Showcasing the art and ritual of the African and African-diaspora religions

Kota Reliquary Figure

Catalog Number: E012

Dimensions:

23.0" x 11.09" x 2.96"

584.2 mm x 281.9 mm x 75.37 mm

Materials: Bronze
Usage: N/A
Detailed Description of Significance:

The style of this reliquary suggests that it originated among the Kota (Hongwe, Shamaye, and Obamba) and related peoples of Eastern Gabon and the Western Republic of Congo; the local term for such figures is knwon, ngulu, nguru, or bwété. The lozenge shape of this example is common among Kota reliquaries. The red color suggests several forces that enhance this reliquary’s usefulness as a tool to venerate family members who have passed on: Red equates to blood sacrifices, vitality, and the movement from life to afterlife. Also significant is the fact that this reliquary, like many of its counterparts, features metal plating. Metals at this time were trade goods obtained from Europeans. They were expensive among Kota in the late nineteenth and early twentieth centuries, so the use of metal serves as an indicator of the ritual significance of such figures, the importance of the deceased—as well as the wealth and status of the person who commissioned it. 
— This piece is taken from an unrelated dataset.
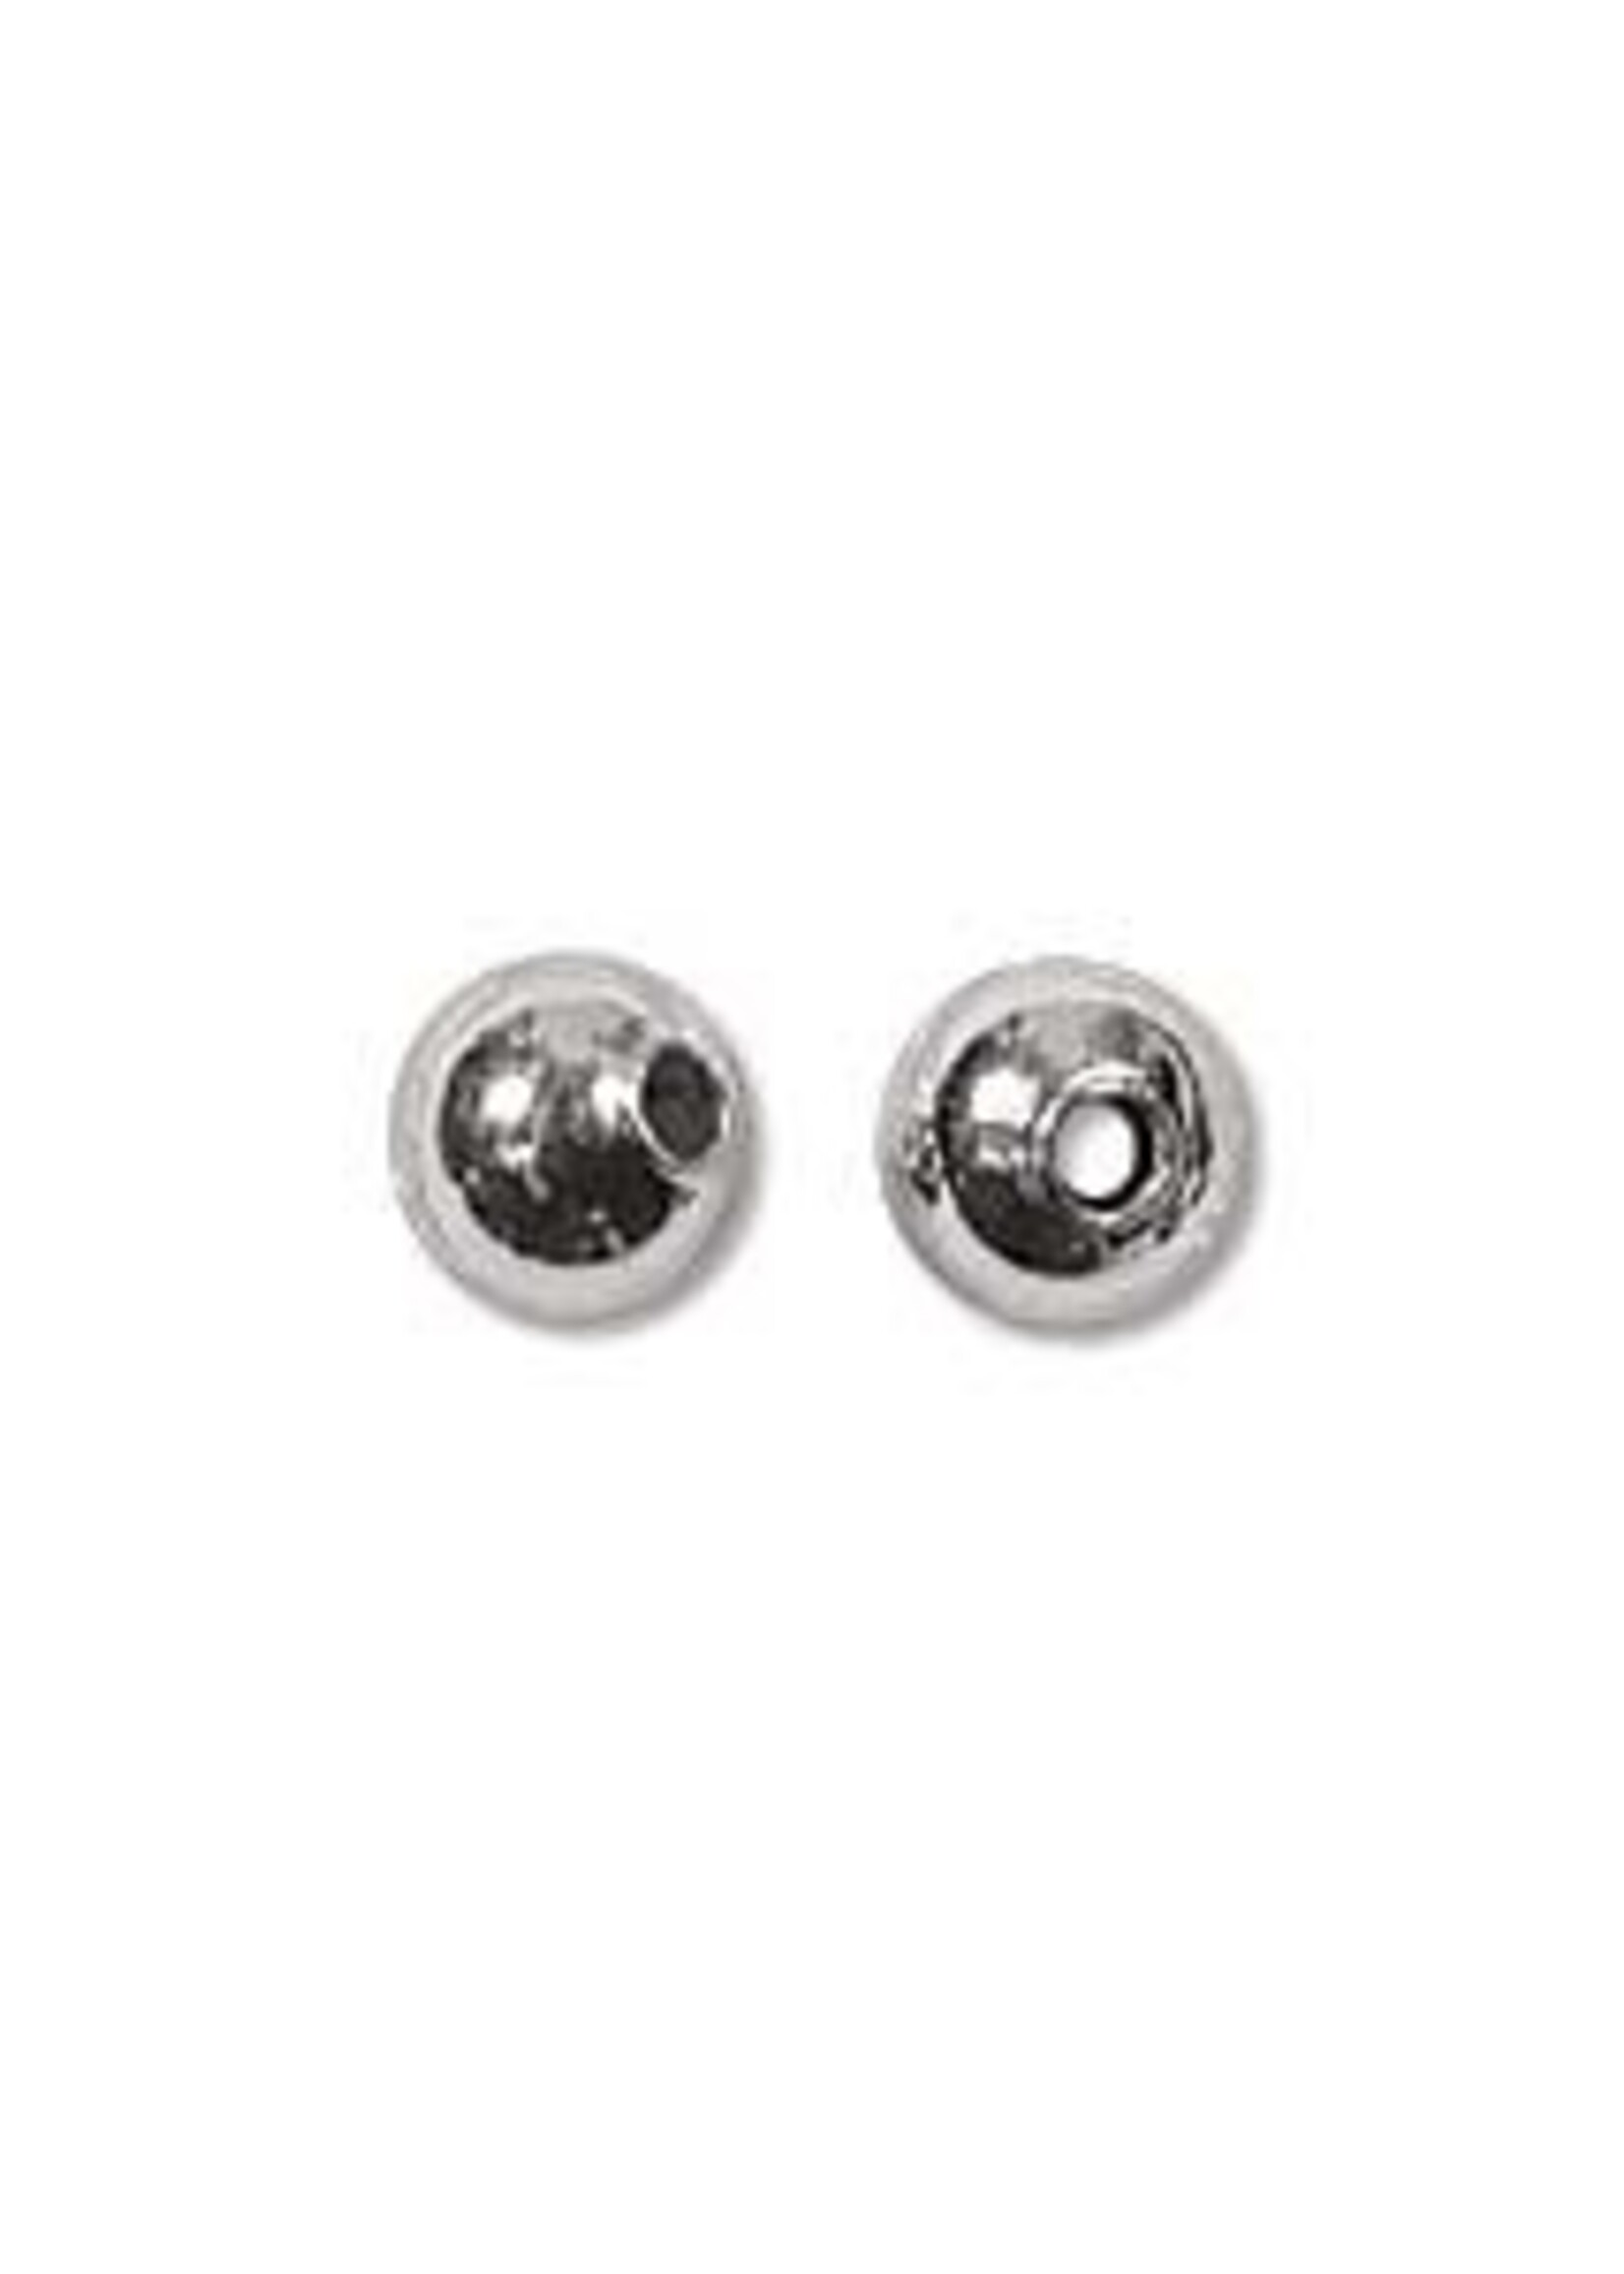 6mm Rounds Silver Plated Qt 20

As with many Kota reliquaries in foreign collections, only the “head” of this figure has been collected and preserved. However, from French illustrations and photographs of such reliquaries in situ, we know that the original figure would have been slotted into a basket, bark box, or other receptacle (mbulu, musuku, or nsuwu) that held bones, medicines, and other relics of human ancestors. When fitted into its receptacle, the figure would have been visible only from the “shoulders”—the widest points of the lozenge—up, a stance that would have made the figure appear to float, lending it the fearsome aspect of a guardian over the relics below. When French colonials collected such artworks, they generally left the packet of relics behind and only brought the sculpted part abroad. The arrangement worked well for all parties involved, since from the point of view of most Kota who owned such objects, the more important part of the assemblage was the collection of ancestral relics, not the sculpture. Meanwhile, the metal plating of reliquary figures has made them one of the best preserved types of African religious art from the turn of the late nineteenth and early twentieth centuries.
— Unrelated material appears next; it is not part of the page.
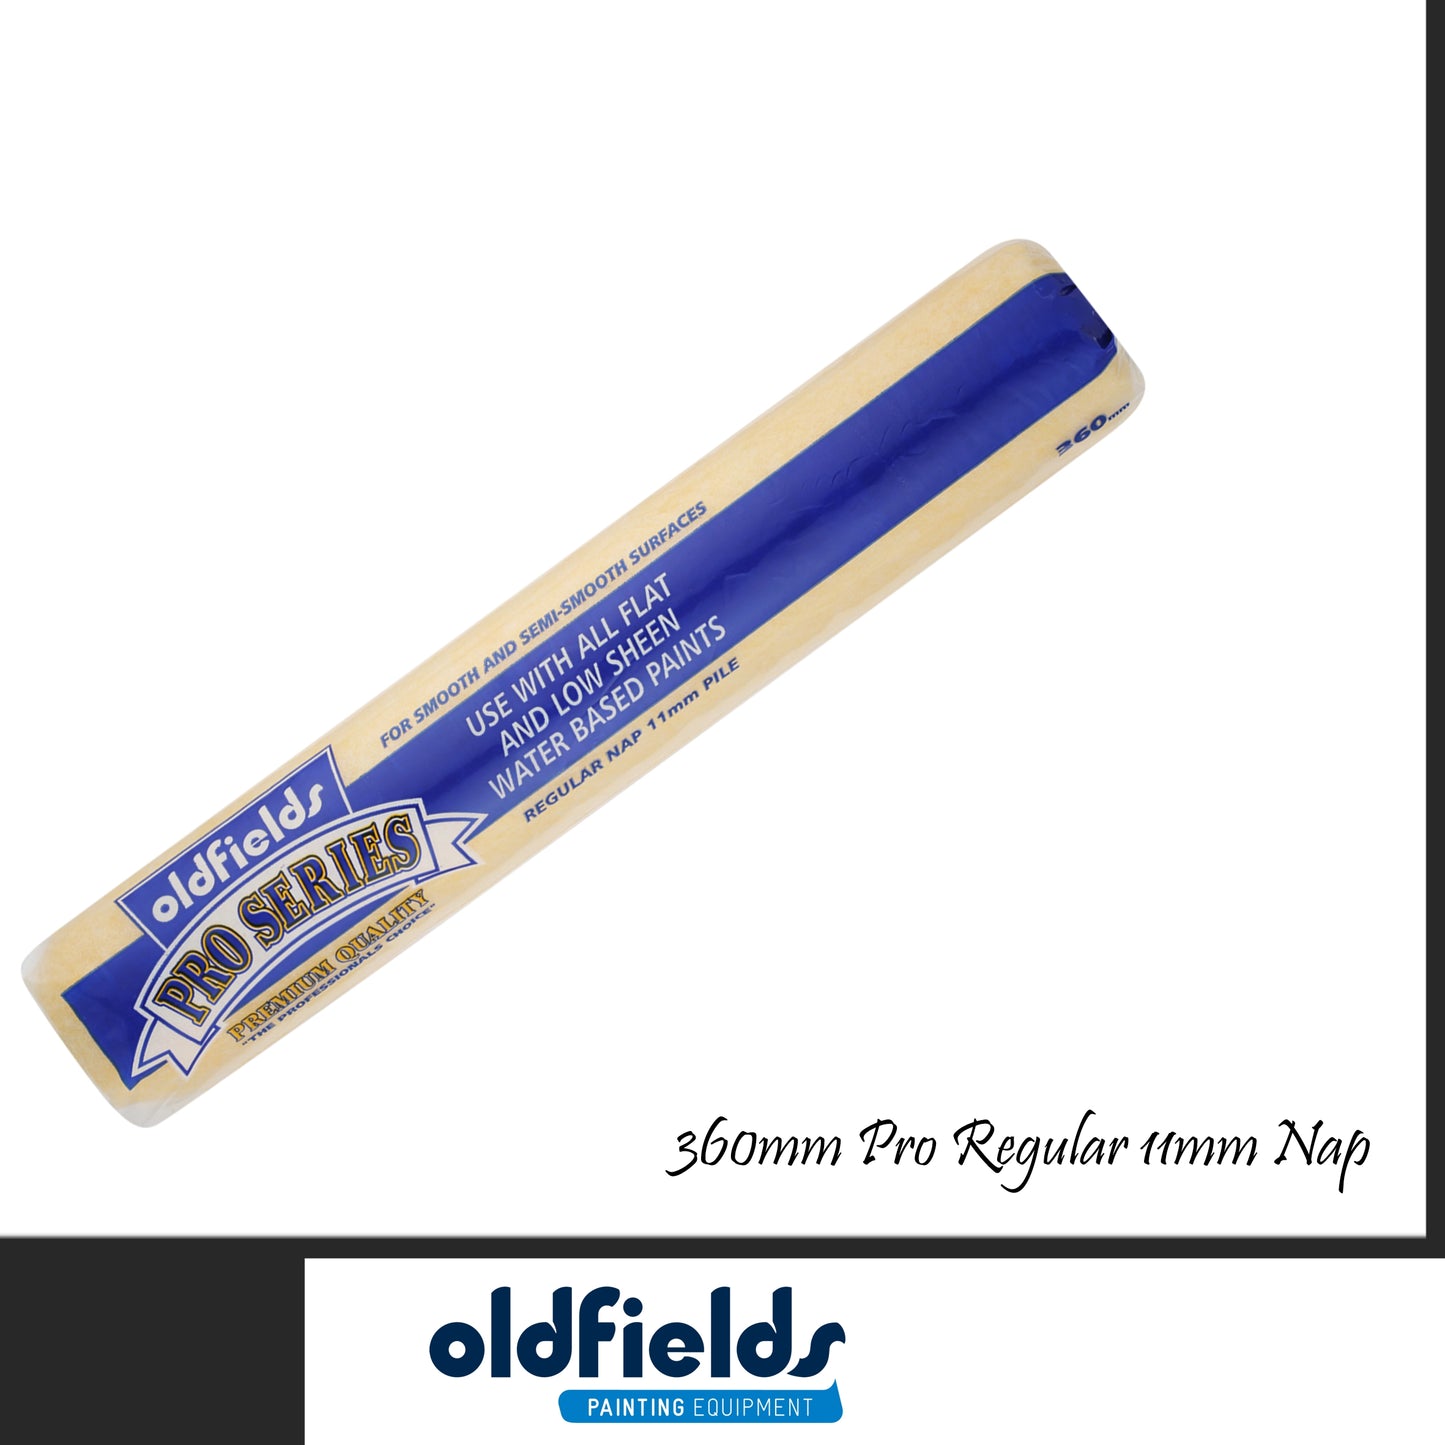 Pro Series Professional 11mm Nap Paint Roller Sleeves from Oldfields

Kota reliquaries were designed to resemble the ancestral ideal. This figure, like many other Kota examples, has two faces, one on each side of the oval-shaped head. The reason for this Janus-faced form are unknown, but art historians speculate that the arrangement allowed the figure to better perform its duties as guardian over the remains housed beneath it. The eyes are probably the heads of nails.
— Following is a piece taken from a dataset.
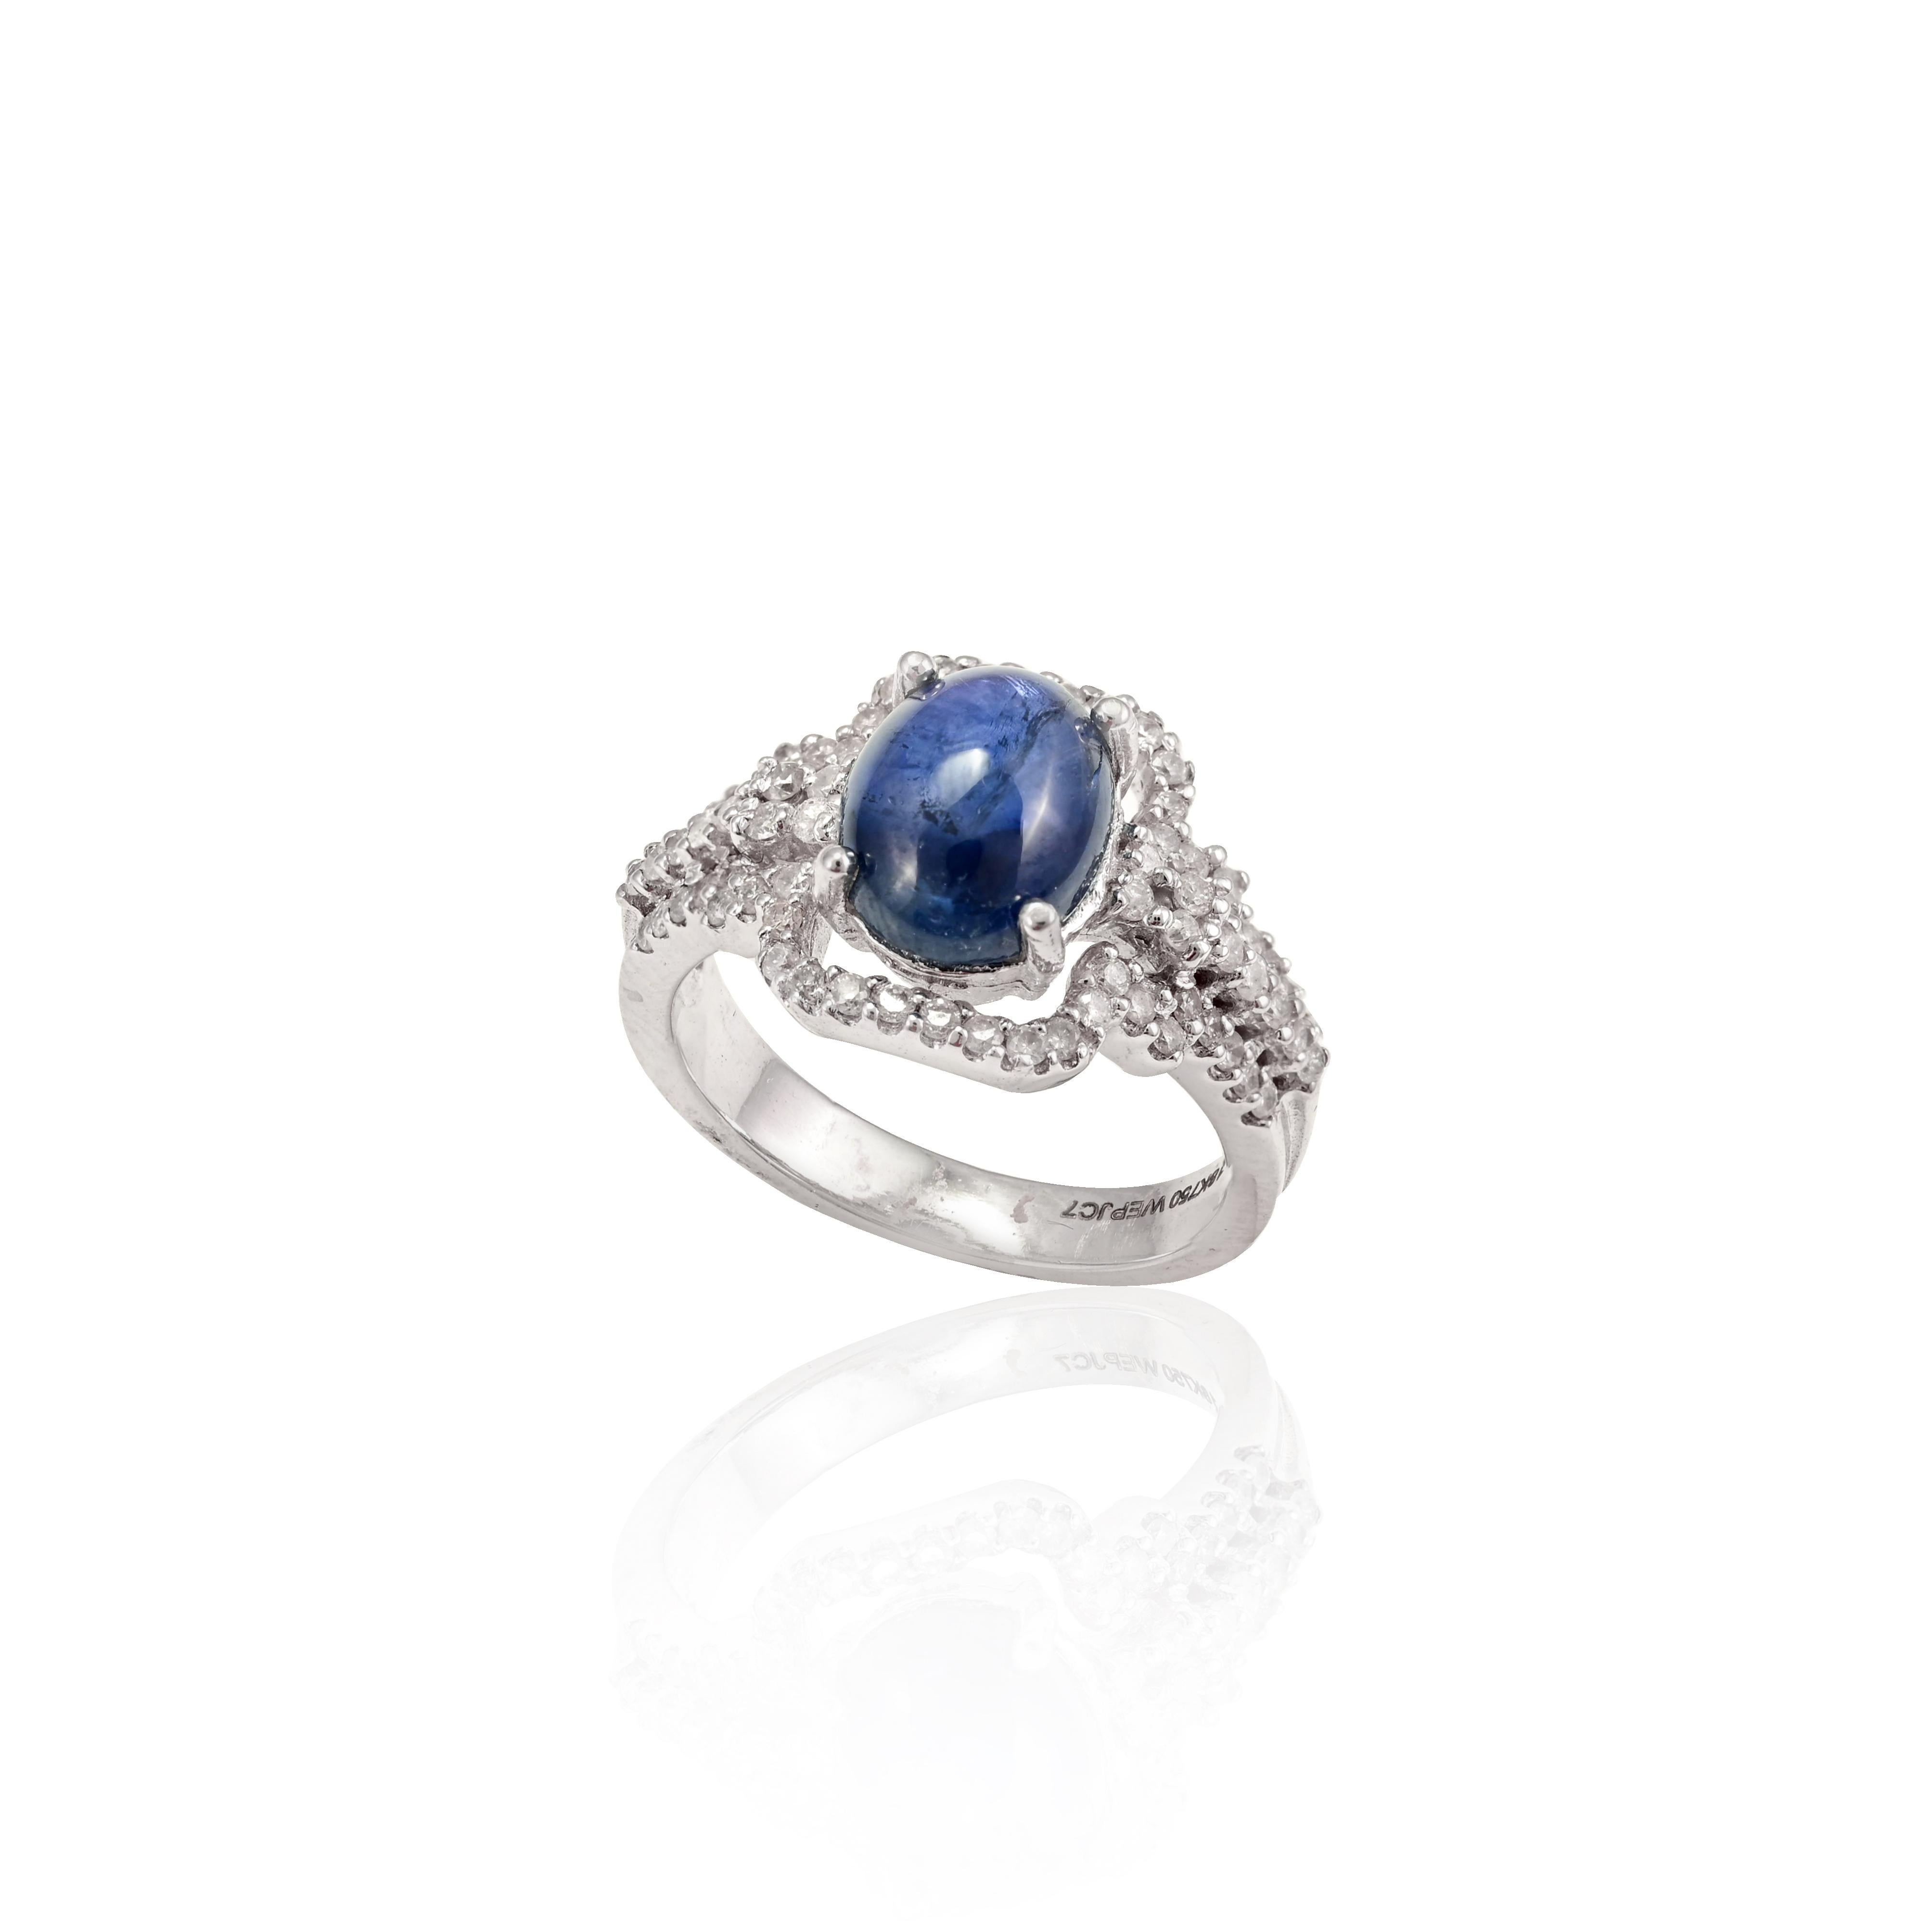 For Sale:  3.01 Ct Blue Sapphire and Diamond Engagement Ring Made 18k Solid White Gold 5

French explorers, missionaries, and scholars brought reliquaries of this type back to Europe beginning in the late nineteenth century. There, the figures found their way into museums, such as the Musée d’Histoire Naturelle (Natural History Museum) and the Musée d’Ethnographie du Trocadéro (Trocadéro Ethnography Museum). Parisian museums of the time were often stuffy and disorganized, but they gave European artists a chance to encounter African art firsthand. Indeed, Kota and Fang reliquaries were a major influence on modern artists such as André Derain, Pablo Picasso, and Henri Matisse. Divorced from their original cultural context and from the receptacles that held ancestral remains, to European artists, the figures instead represented another manner of visual expression.